Migration 023 was fixed in 9dc572b to use '00000000-0000-4000-8000-000000000000'
because 'v' isn't a valid hex digit, but the DEV_USER_ID constant in
middleware/auth.js still referenced the original '...000000000dev'. Every
route that passes DEV_USER_ID as a query parameter (users list, login lookup,
setup-required count) was throwing 22P02 invalid input syntax for type uuid.
The errors were swallowed by Promise.allSettled in the SPA's data load so the
app appeared to work in dev mode, but enabling AUTH_ENABLED=true would have
broken login entirely.
Final-review findings:
- Mount usersRouter at /api/v1/users in addition to /api/v1/auth/users so the
existing SPA Users page works; add PATCH /:id for inline edits (display_name,
role, password).
- Add X-Requested-With: dragonflight-ui to raw XHR/fetch paths that bypass
apiFetch (file uploads, SDK uploads, EDL export) — without it, requireUiHeader
403s before reaching the route.
- Exempt SERVICE_PATHS (/cluster/heartbeat) from requireUiHeader so node-agent
heartbeats keep working when NODE_TOKEN is unset.
- Remove stale auth.js.bak.
Fixes three issues in the authentication system:
C1: Add boot-time warning when AUTH_ENABLED=true but TRUST_PROXY!=true.
Without TRUST_PROXY=true behind nginx, req.ip becomes the proxy IP for all
clients, collapsing per-IP rate limiting into a shared pool.
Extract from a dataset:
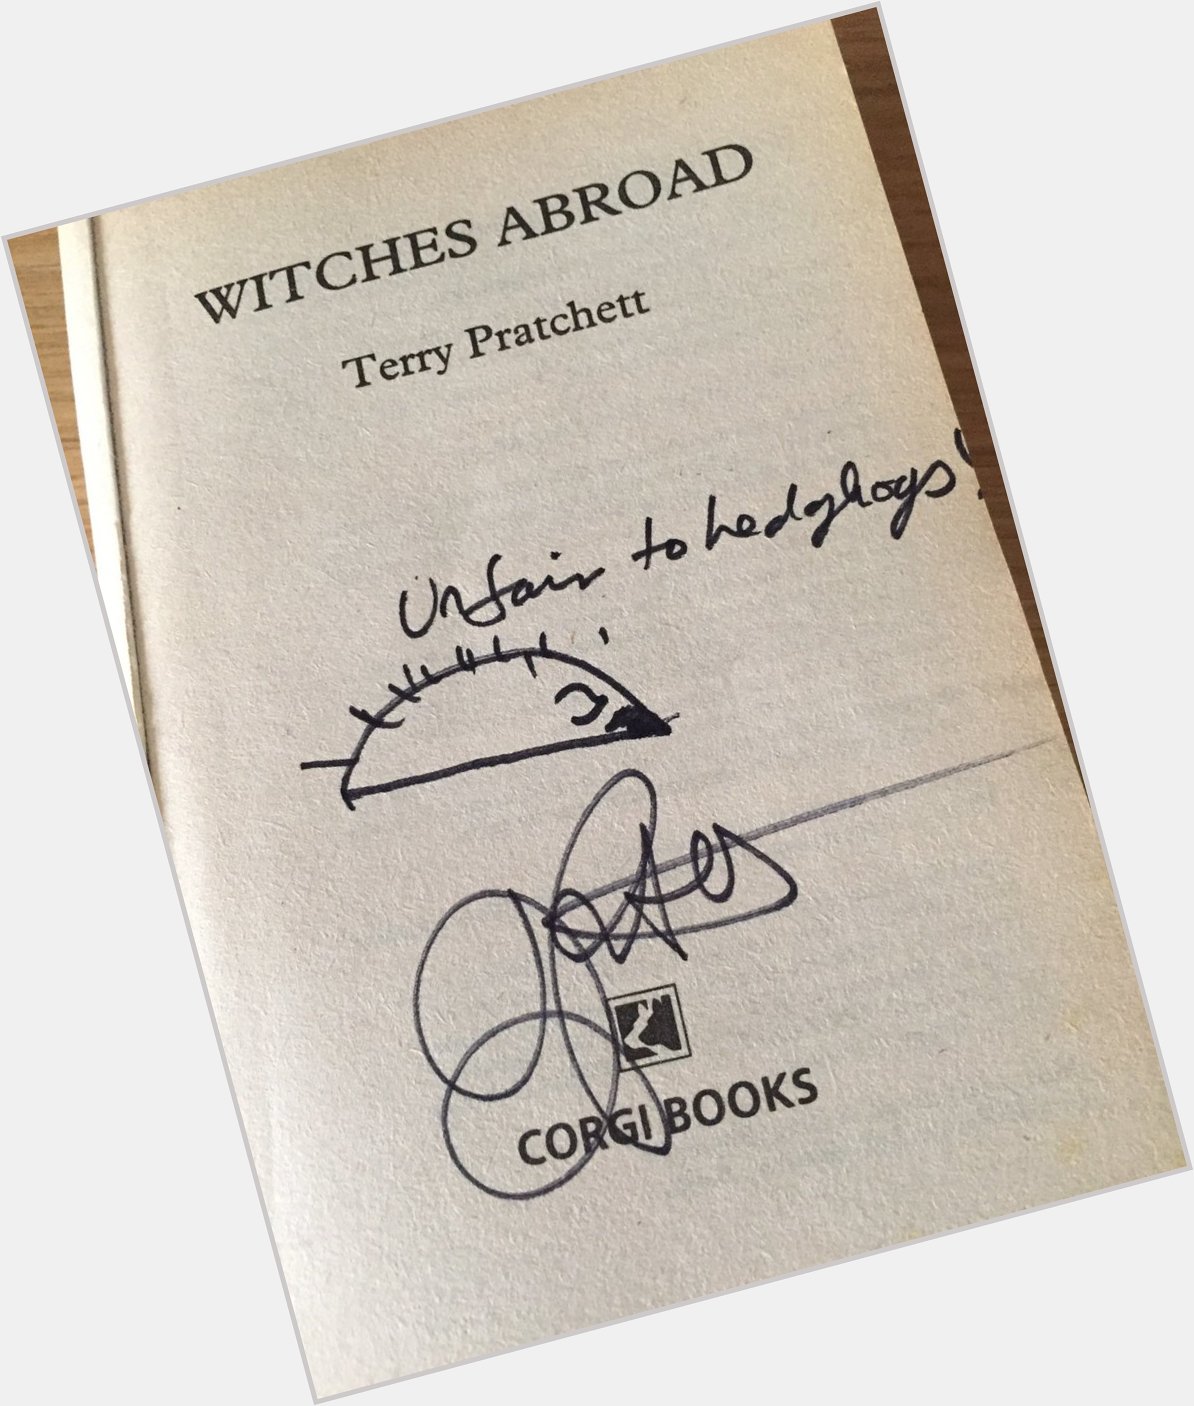   Happy Birthday Terry Pratchett. Fortunate indeed to have seen him talk. 
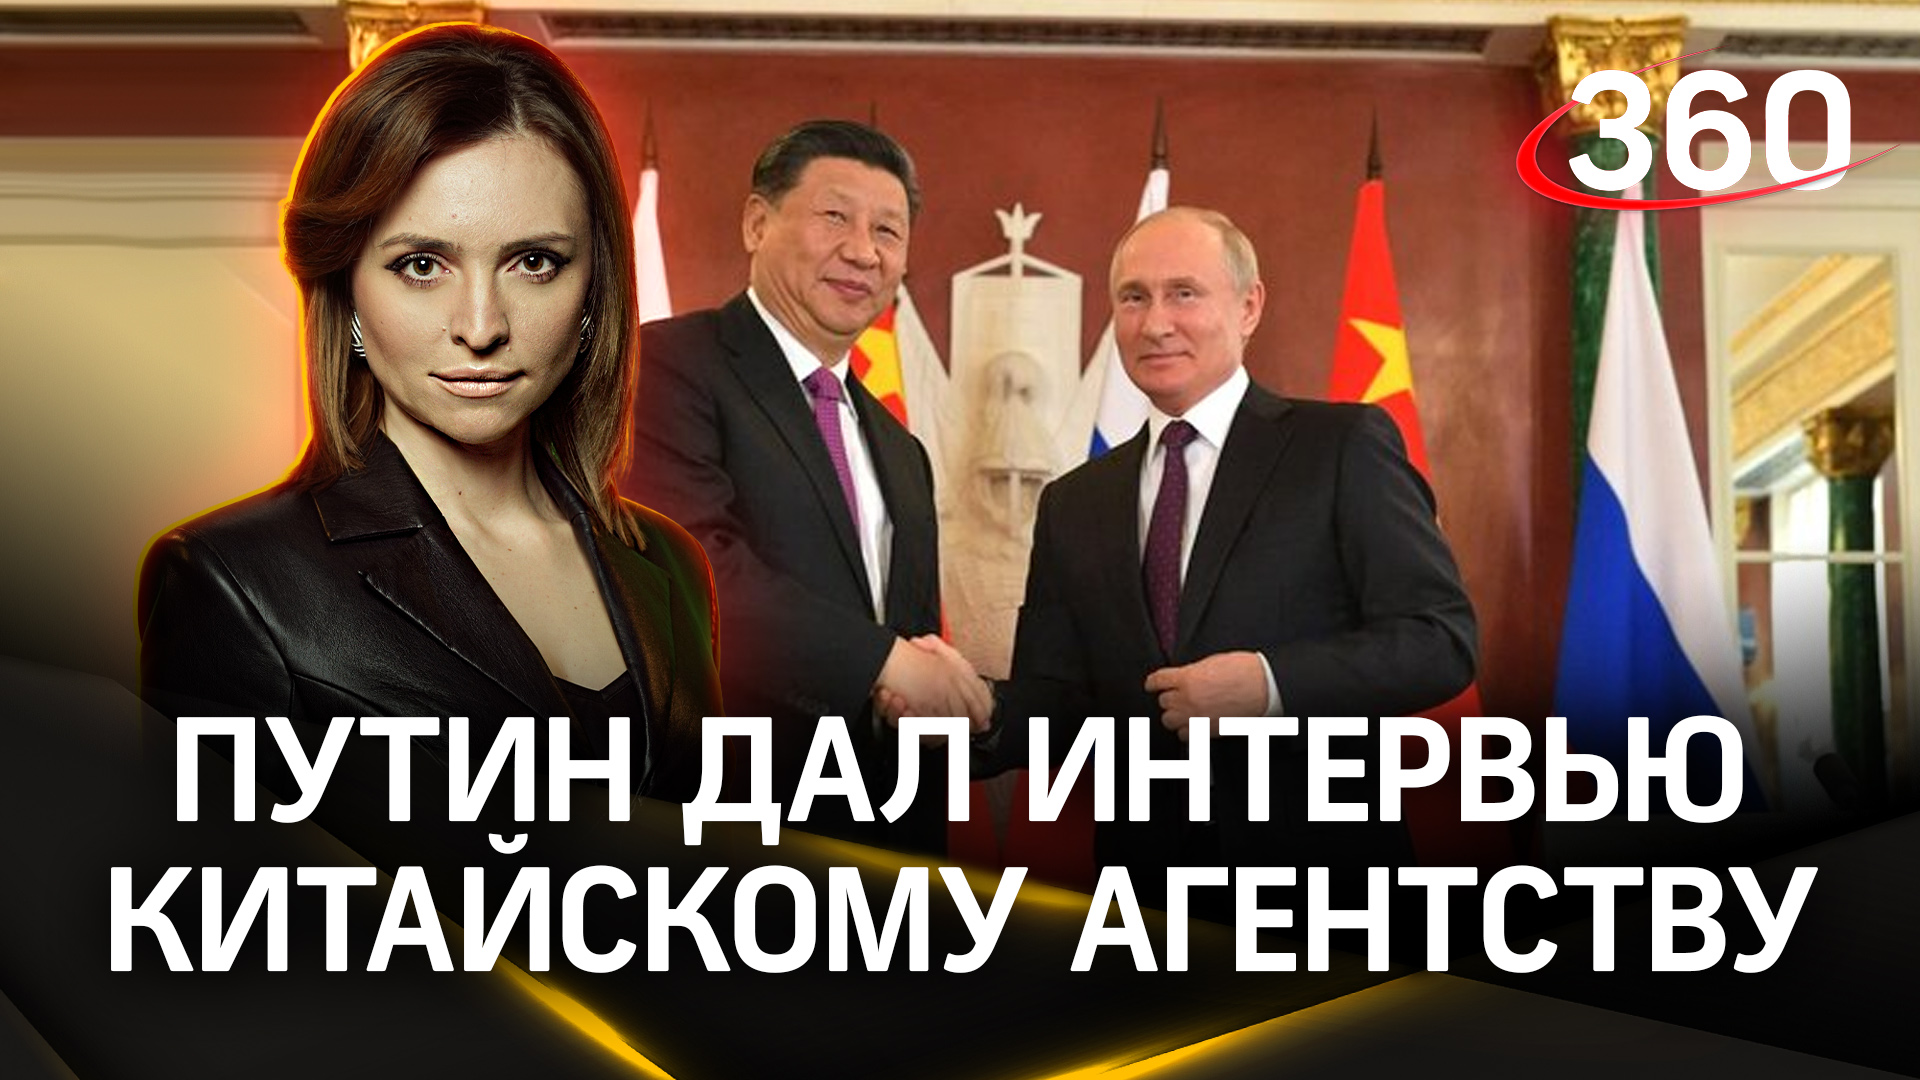 Партнерство с Китаем, лицемерие Запада: разбор ключевых тем из интервью Путина перед визитом в КНР

Operators must
explicitly set TRUST_PROXY=true to make per-IP rate limiting effective.
C2: Mount requireUiHeader middleware in test helpers (auth.test.js,
users.test.js, tokens.test.js). The CSRF header validation was not being
exercised in the test suite. Tests now send X-Requested-With: dragonflight-ui
headers that are actually validated by the middleware.
I1: Implement bounded rate-limit Map with MAX_ENTRIES=10000 and LRU eviction.
Unbounded Maps are vulnerable to spray attacks: attackers can force memory
exhaustion by requesting with distinct IPs. Now we evict the oldest entry
(by insertion order) when the map reaches capacity.
Code-review feedback:
- Dummy hash for user-enumeration-defense timing was 63 chars (bcrypt strings
are 60 chars). Worked by accident because bcrypt 5.x is lenient about
trailing chars; a future tightening would silently regress the timing
defense. Replaced with a real pre-computed bcrypt hash.
- last_login_at UPDATE now logs errors instead of silently swallowing them,
matching the pattern in requireAuth for api_tokens.last_used_at.
- Removed dead import of comparePassword from auth.test.js.
Code-review feedback: startsWith('/cluster') was a prefix match that exposed
destructive operator endpoints (POST /containers/:id/restart, DELETE /:id,
GET /devices/blackmagic/*) unauthenticated. Only POST /heartbeat is genuine
node-agent traffic; everything else in cluster.js is operator/UI surface
that should go through requireAuth. Long-term: issue node-agent a bound
api_token and drop the carve-out entirely.
Code-review feedback:
- Hard-fail boot when AUTH_ENABLED=true and SESSION_SECRET is unset, so
express-session can't silently use an in-memory random secret that
invalidates sessions on restart and breaks multi-node clusters.
- CORS rejection now returns cb(null, false) instead of cb(new Error)
so misconfigured origins surface as clean CORS errors in the browser
instead of HTTP 500s. Log a warn line for operator visibility.
- pruneSessionInterval units comment.
Code-review feedback: writing last_seen_at = now before loadUser() lets
the stamp persist if the lookup throws (resave:false still writes when
modified), extending the idle window without confirming the user exists.
Also clarify DEV_USER_ID is a specific placeholder, not a generic sentinel.
Code-review feedback: ON CONFLICT (id) only catches id collisions; a pre-existing
'dev' username would trigger a unique_violation on the username index and roll
back the migration, hard-failing the mam-api boot. Switch to bare ON CONFLICT
DO NOTHING so any unique conflict is no-op-safe.